If you take a quick stroll through Arlo DiCristina’s Instagram, you’ll immediately bear witness to the type of hyperrealistic, super-surreal tattoos that you’d expect to come from the grizzled old fingers of a tattoo veteran. If you continue scrolling, however, you’ll no doubt happen upon repeated photos of a smiling, clean-cut dreamboat. That’s Arlo.
DiCristina is a young man whose hands and eye are beyond their years. A master of photorealism, turned slightly askew, he has the ability to add a bizarre twist to the familiar. His surrealist renderings cross the boundary between dark and light, much like the grayscale tones that grace his portfolio. Outside his studio, Arlo is an adventurer, a wanderer, and a reminder of the power of positivity in an ever-changing world. As laid back as he is driven, as serene as he is focused, Arlo exemplifies what it is to be an innovator, a risk taker, and an icon. —Nick Fierro
You started tattooing at a young age. Can you remember your first?
I was in high school, and I had my buddy order a tattoo machine for me because I wasn’t 18 yet. I didn’t even look at the directions or anything.

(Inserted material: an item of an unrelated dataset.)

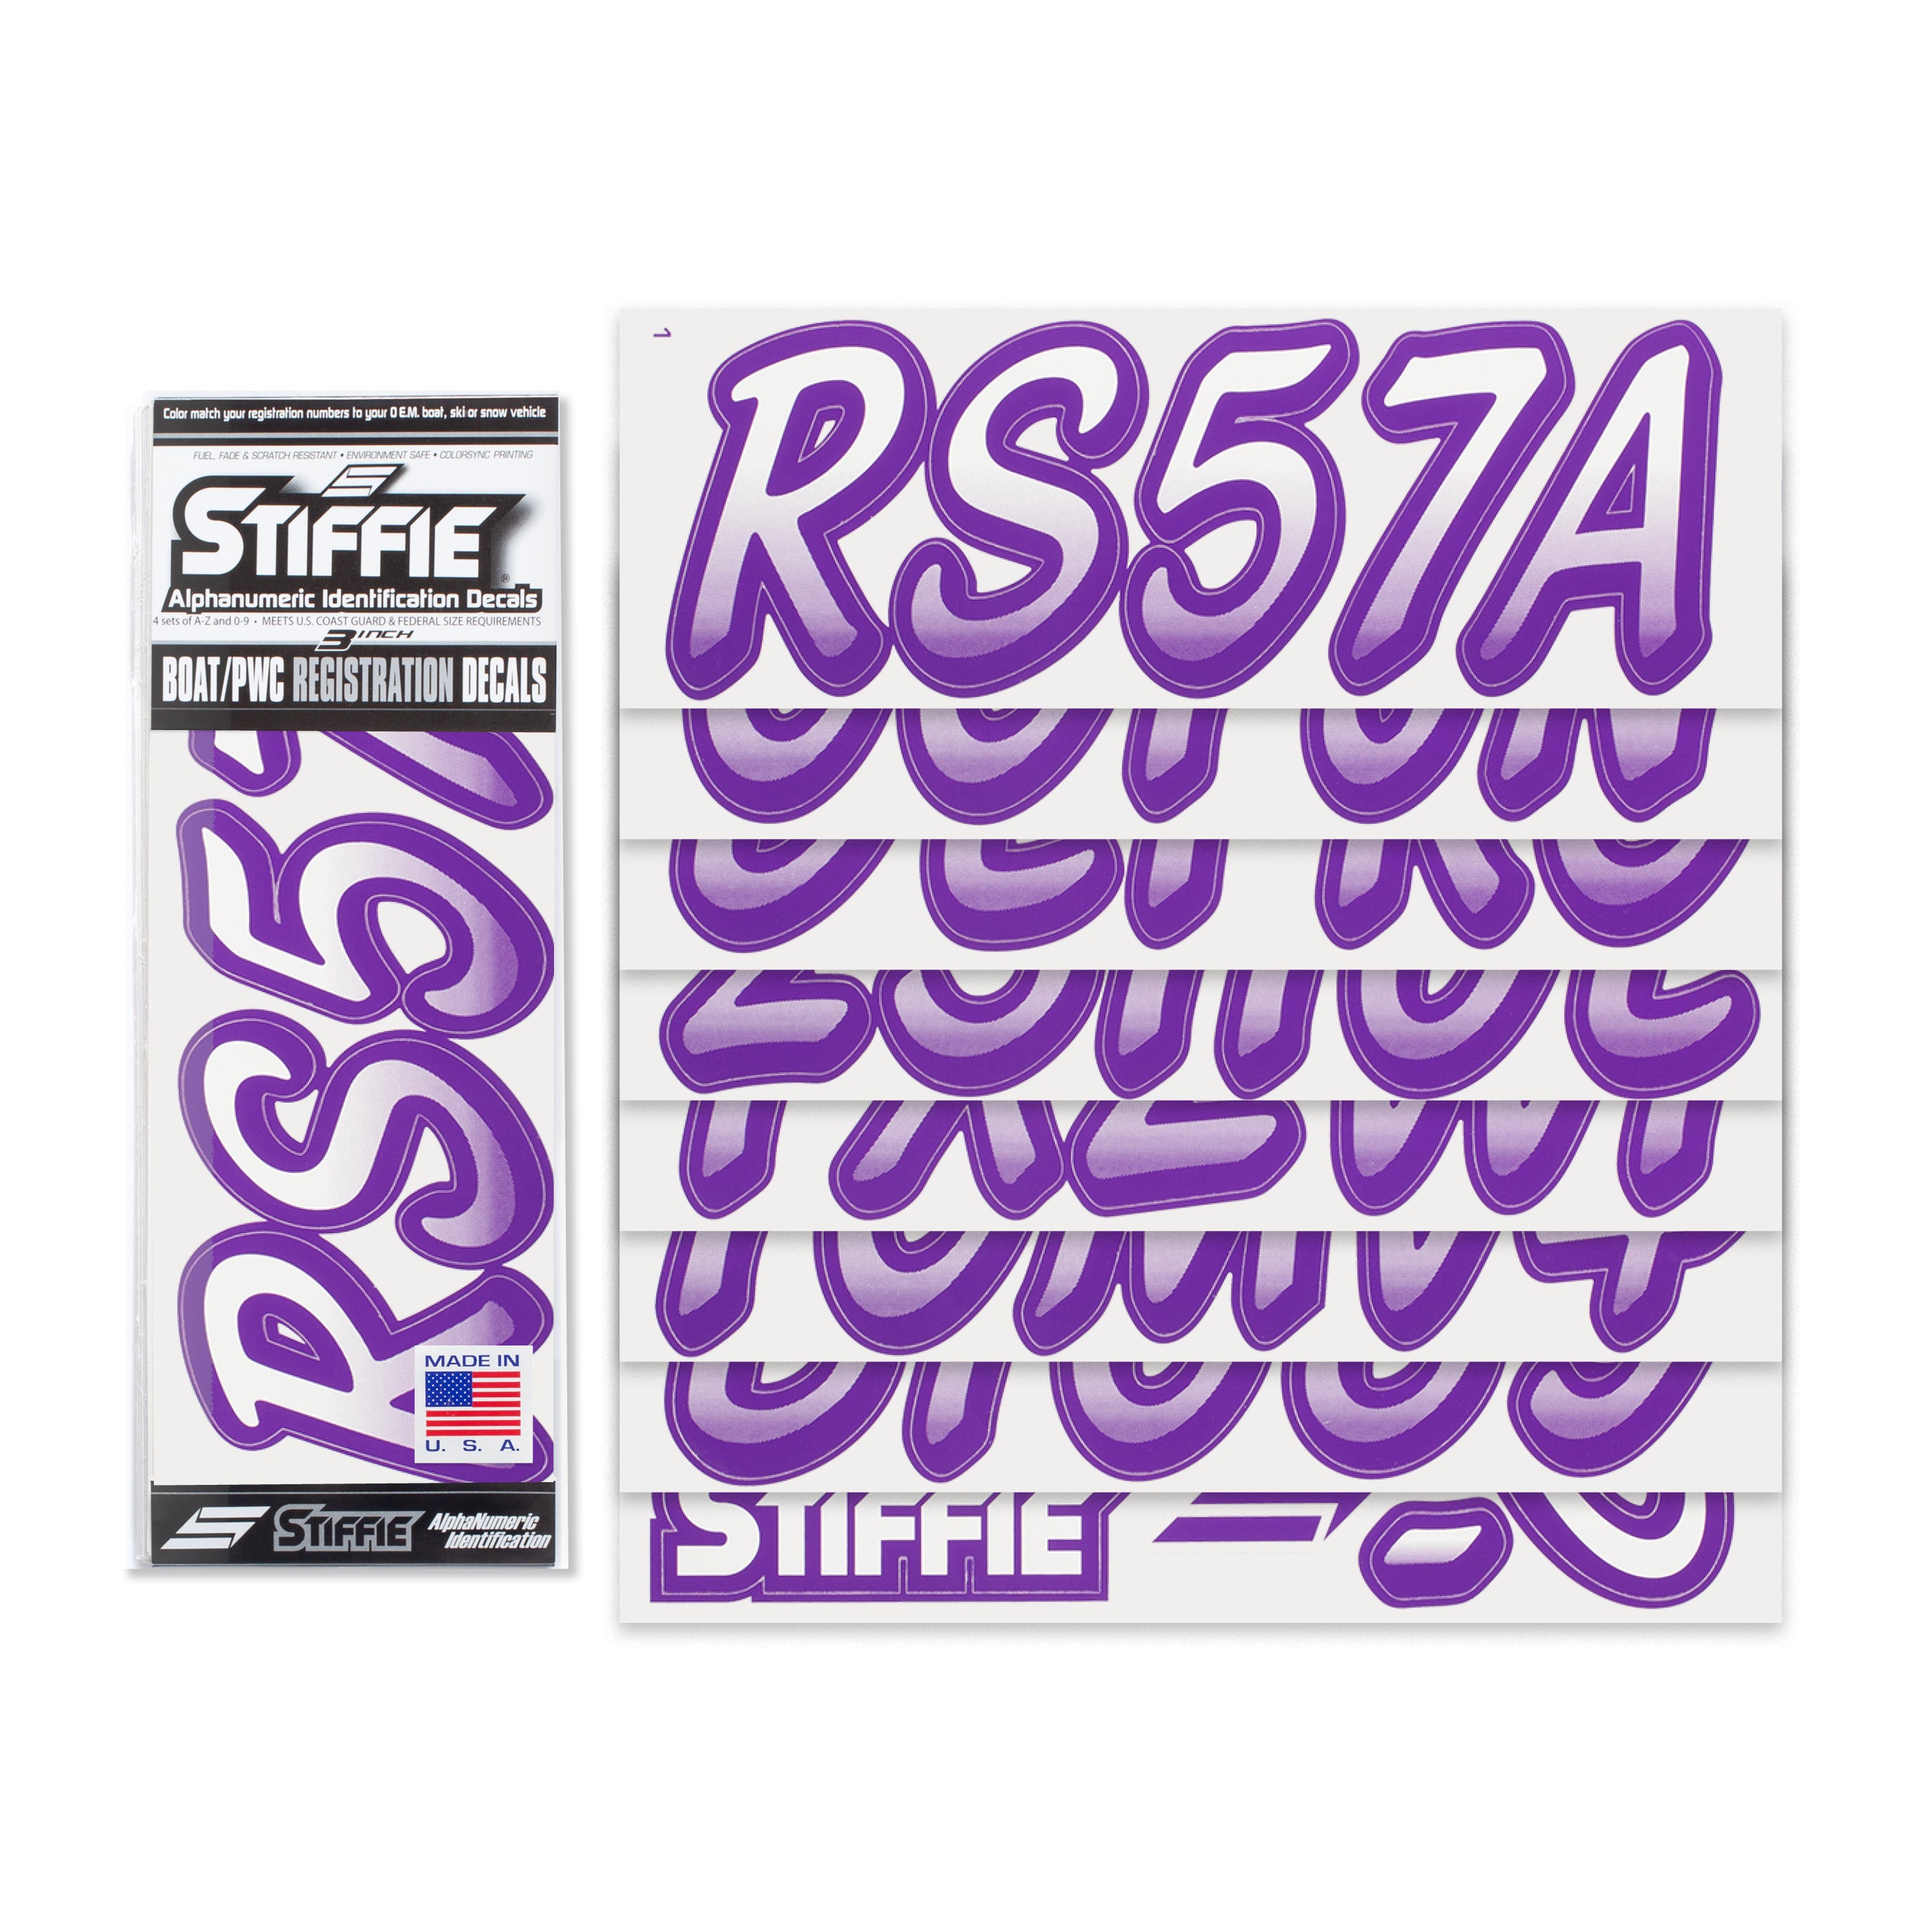 STIFFIE Whipline White/Purple 3" Alpha-Numeric Registration Identification Numbers Stickers Decals for Boats & Personal Watercraft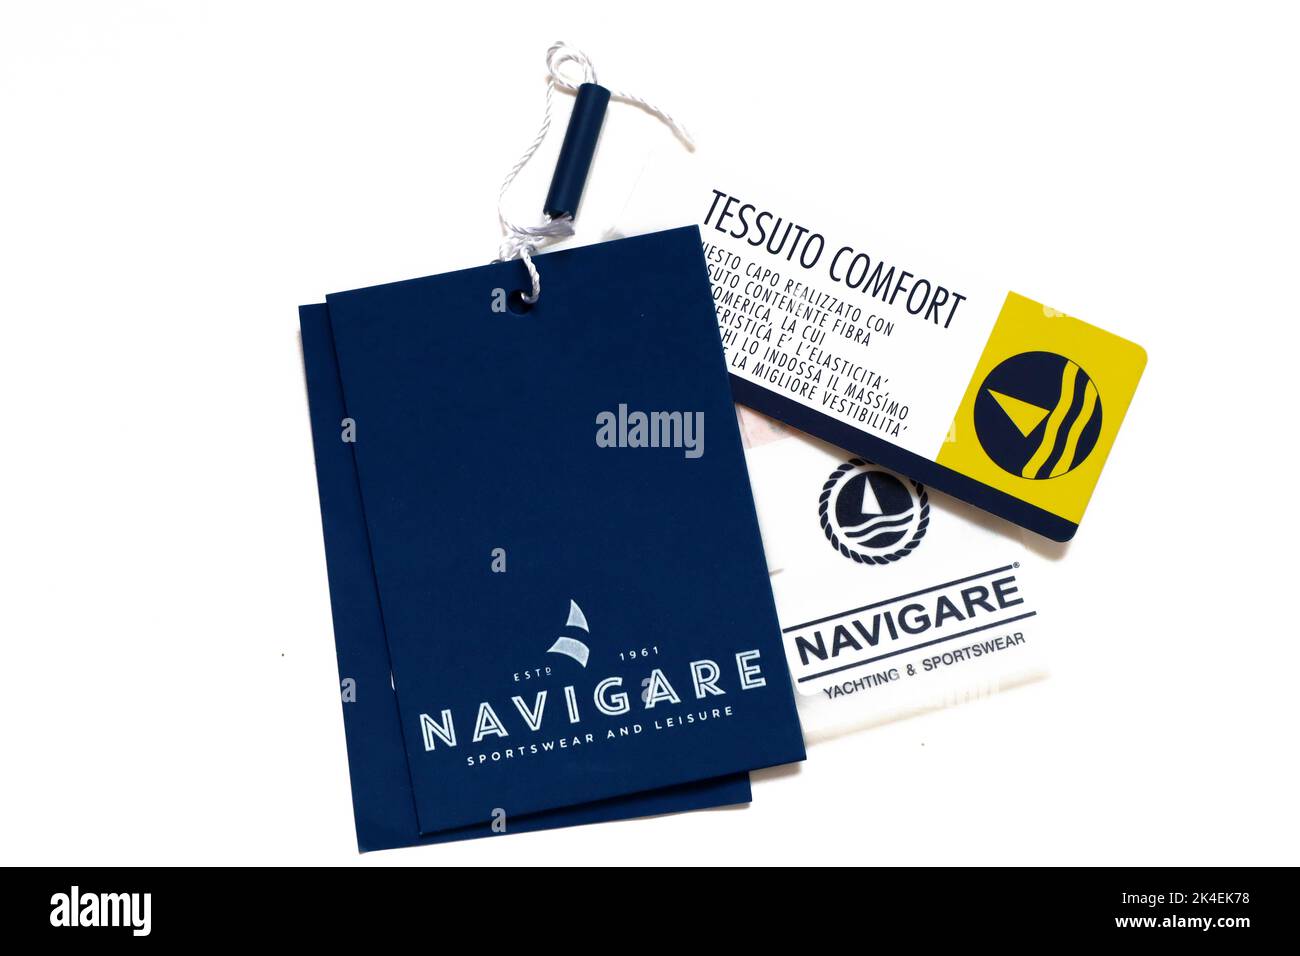 Navigare Cut Out Stock Images & Pictures - Alamy

Right away I found a very trusting friend and wound up doing a compass rose on his shoulder. It turned out absolutely horrible. At that point I knew I needed to get some training, like an apprenticeship, or at least watch some YouTube videos or learn how to actually set up my machine. I’m more of “hands on” kind of guy, so I went the apprenticeship route.
Did you see a future in tattoos back then?
I mean, it was never one of the booths at career day in school. At the time I thought, “Hey, my buddies are all going to be blue-collar workers, I’ll probably be a blue-collar worker too.”
When did you develop an interest in drawing?
What got me into art in general was probably Pokémon cards or skate decks. I would sit there with a skate magazine and I would draw all of that stuff, which was kinda weird. I was definitely drawn to that kind of stuff, it’s hard to pinpoint what exactly, but weirder things tend to get more of a reaction, and art is supposed to be about antagonizing or provoking a reaction.
Did you seek out a formal apprenticeship?
The first shop that I tried to get an apprenticeship at was right across the street from where I was living. I was right out of high school and was going to be joining the ironworkers union. It was the best shop in that town, and I went in and actually got an apprenticeship. By the end of the first day, I was like “no way.”
What was the problem?
I had just gone through high school and braved through all of that hazing bullshit when I was a freshman. So there I was, entering the tattoo industry, and it’s back to that ridiculous shit.
What sort of vibe did the shop have?
It was a bunch of adults trying to belittle me, and I realize that I was just a kid back then, but I had developed a little awareness of adulthood and how they should act. So I wound up not taking the apprenticeship.
Were you self-taught from that point?
Well, my next apprenticeship was sort of the same story. This guy would try to preach at me. He was a nice guy, but that’s the thing, they’re all nice guys. They’re all just a product of what they’ve been exposed to. If that was the norm for them coming up, that’s what they’re going to continue to do. It made the process a lot tougher, because instead of trying to build you up, they were constantly breaking you down. From that point I went off on my own and started to do things my way.
The macho attitude didn’t motivate you?